Other suggestions have been to (against normal theories on this) back sweeten almost immediately after the ferment has finished and after the initial rack off the lees, but after it's been sorbate/sulphited. That way (in theory of course) as the normal yeast and other debris settle out, it might drag the haze from the back sweetening as well.

So rather than back sweeten to taste, back sweeten to a set of numbers, something like 1.010 to 1.020 (like mine sweet, just not dessert sweet like 1.040 etc..).

Can't be arsed to go to the HBS today, but as I've finished work till the 4th Jan now, I'll go next week when the weather isn't too shite (currently can't make it's mind up whether it wants to rain, snow or freeze....).

I've got some 2 part finings in stock (Kwiklear I think they're called) so if necessary I can try those, but would like to try bentonite first as I understand that it's a bit more gentle than the 2 part type ones......

regards

fatbloke

p.s. and I've also got enough pumping/filtering kit i.e. a mini-jet pump/filter, but also an enolmatic with the filter housing and a 1 micron cartridge, so I might try the minijet with the course filter first (it's new and I haven't used it yet...)


----------



## Wade E (Dec 18, 2010)

Surely use a coarse filter first so as not to have problems with clogging a fine filter.
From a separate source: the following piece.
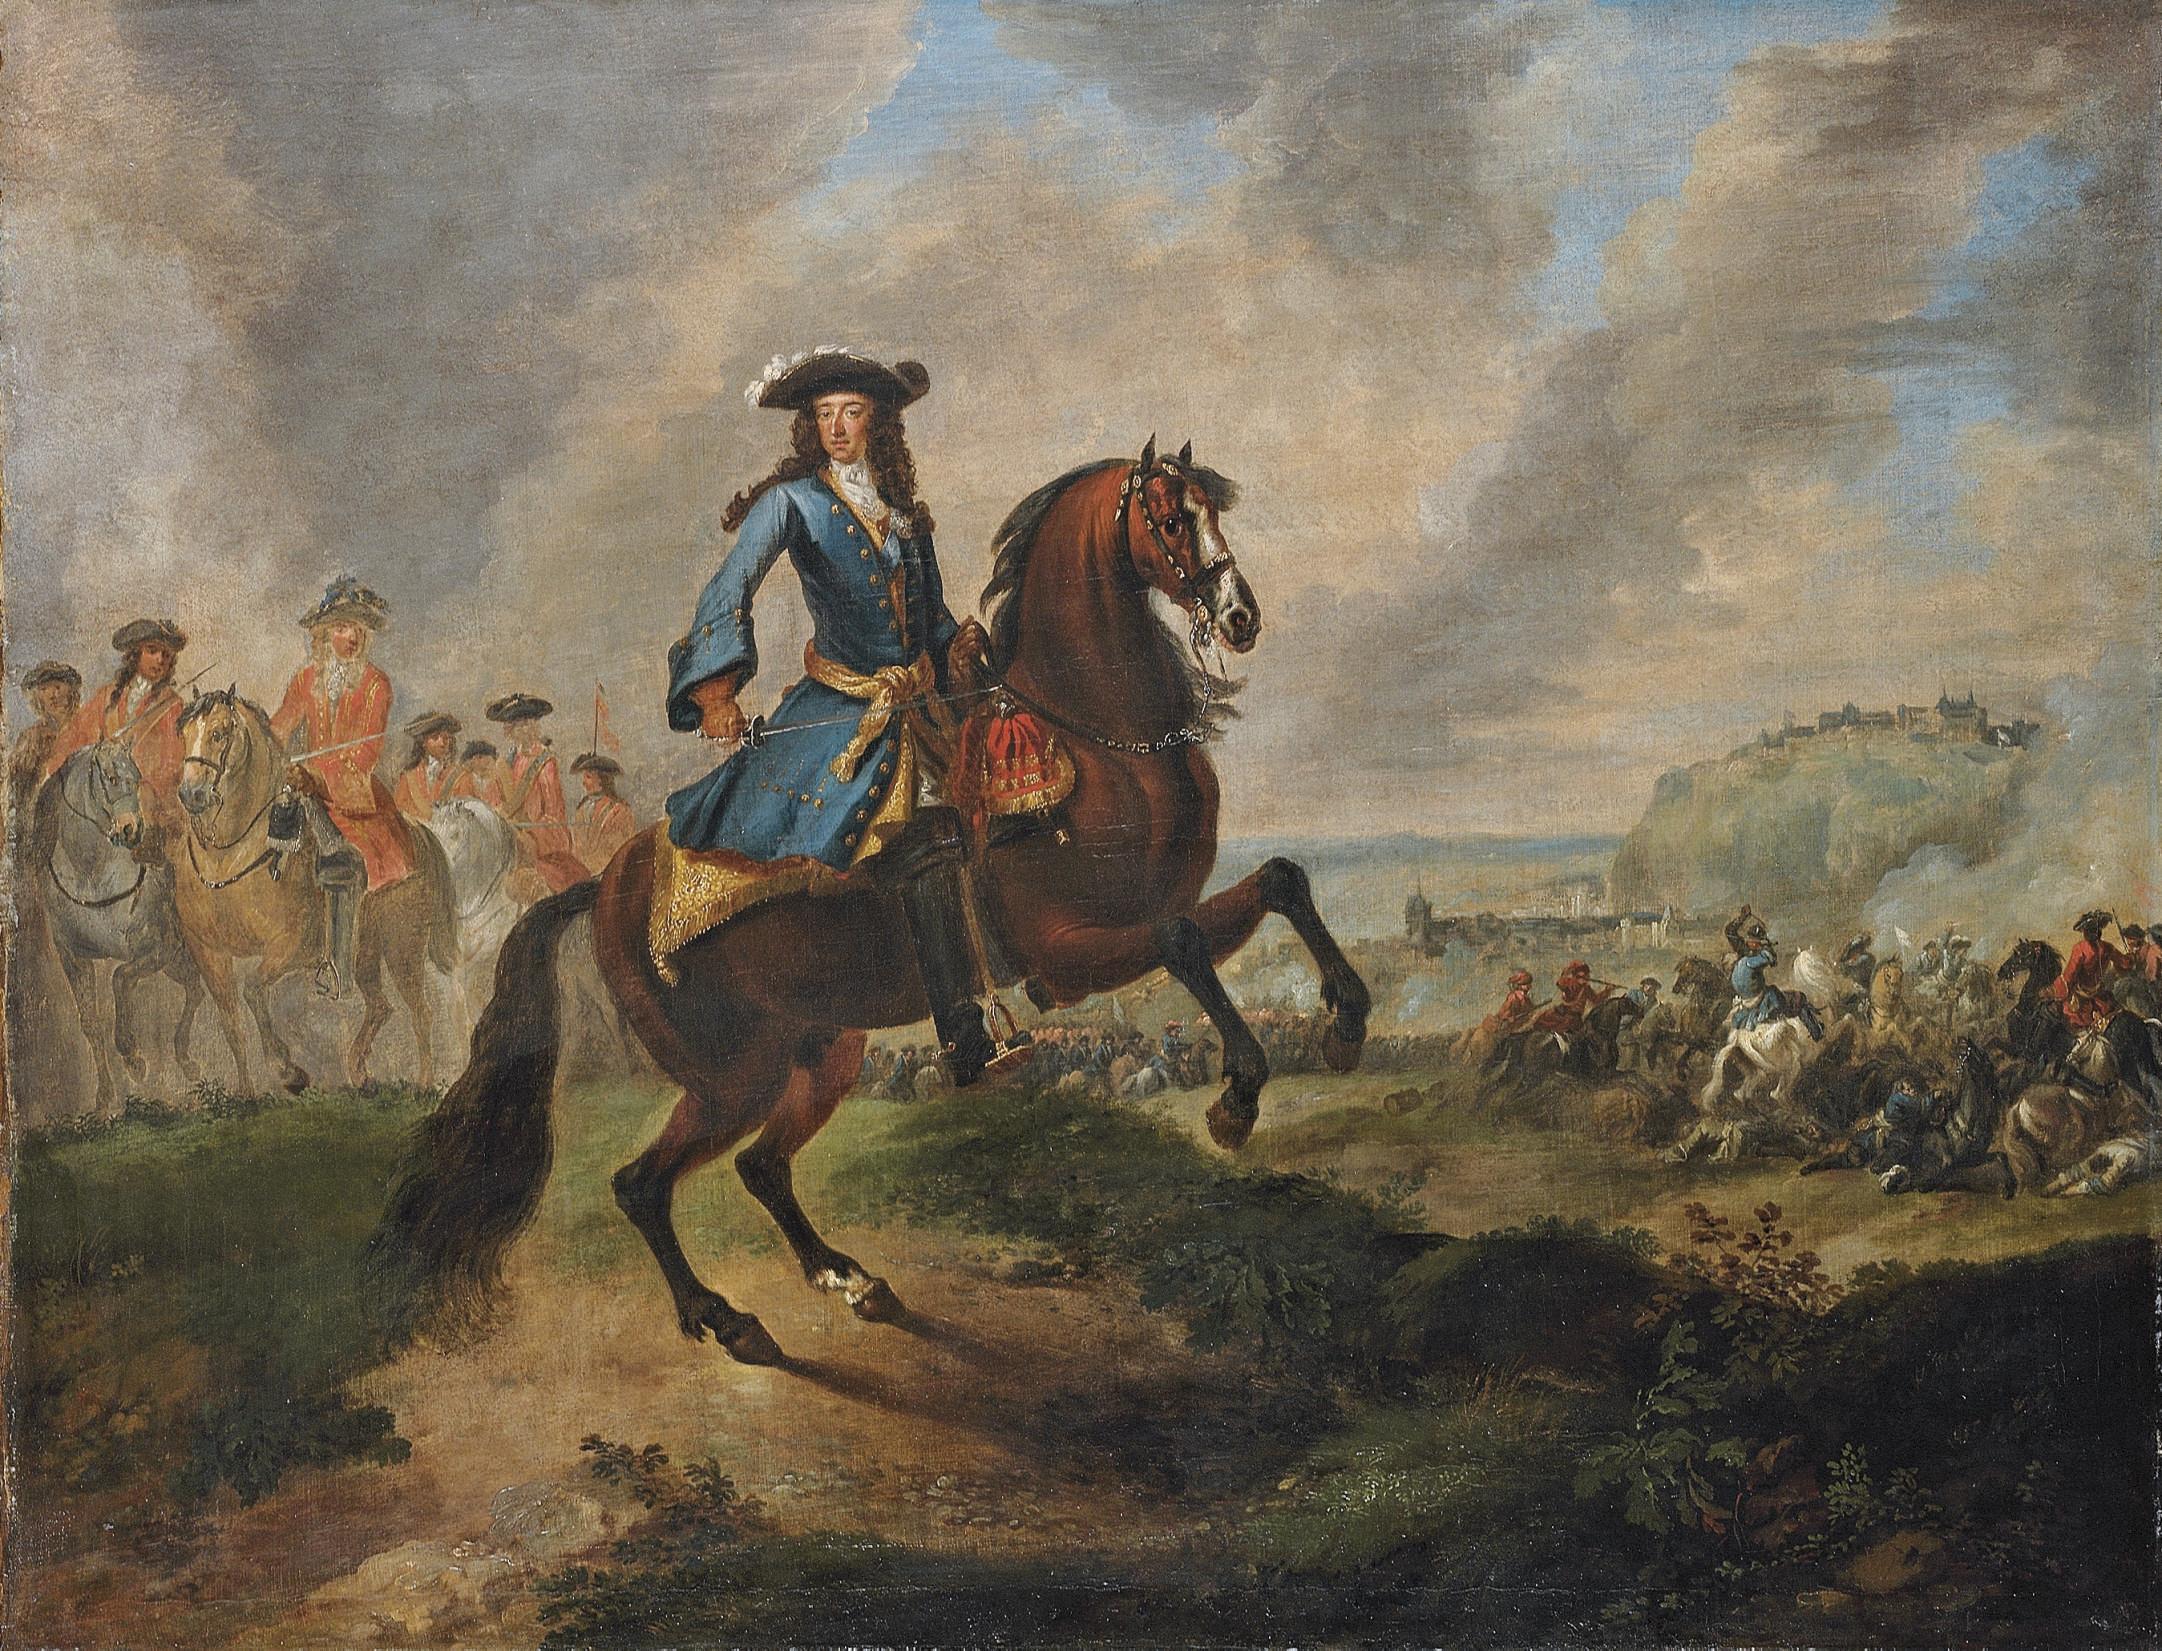 Attributed to Jan Wyck (Haarle

I am an advocate of sweetening early on myself and I just stay unser the sweetness I want as it comes out a bit more with some aging. I get it close and then test it after bulk aging and if needed add just a tad more and that little more isnt enough to cloud it up.


----------



## fatbloke (Dec 19, 2010)

Wade E said:


> Surely use a coarse filter first so as not to have problems with clogging a fine filter. I am an advocate of sweetening early on myself and I just stay unser the sweetness I want as it comes out a bit more with some aging. I get it close and then test it after bulk aging and if needed add just a tad more and that little more isnt enough to cloud it up.


Now that's a bloody good idea, I suspect I'll have to give that a go. Then I'd only need to hit it with 2 part finings if really necessary.......

regards

fatbloke


----------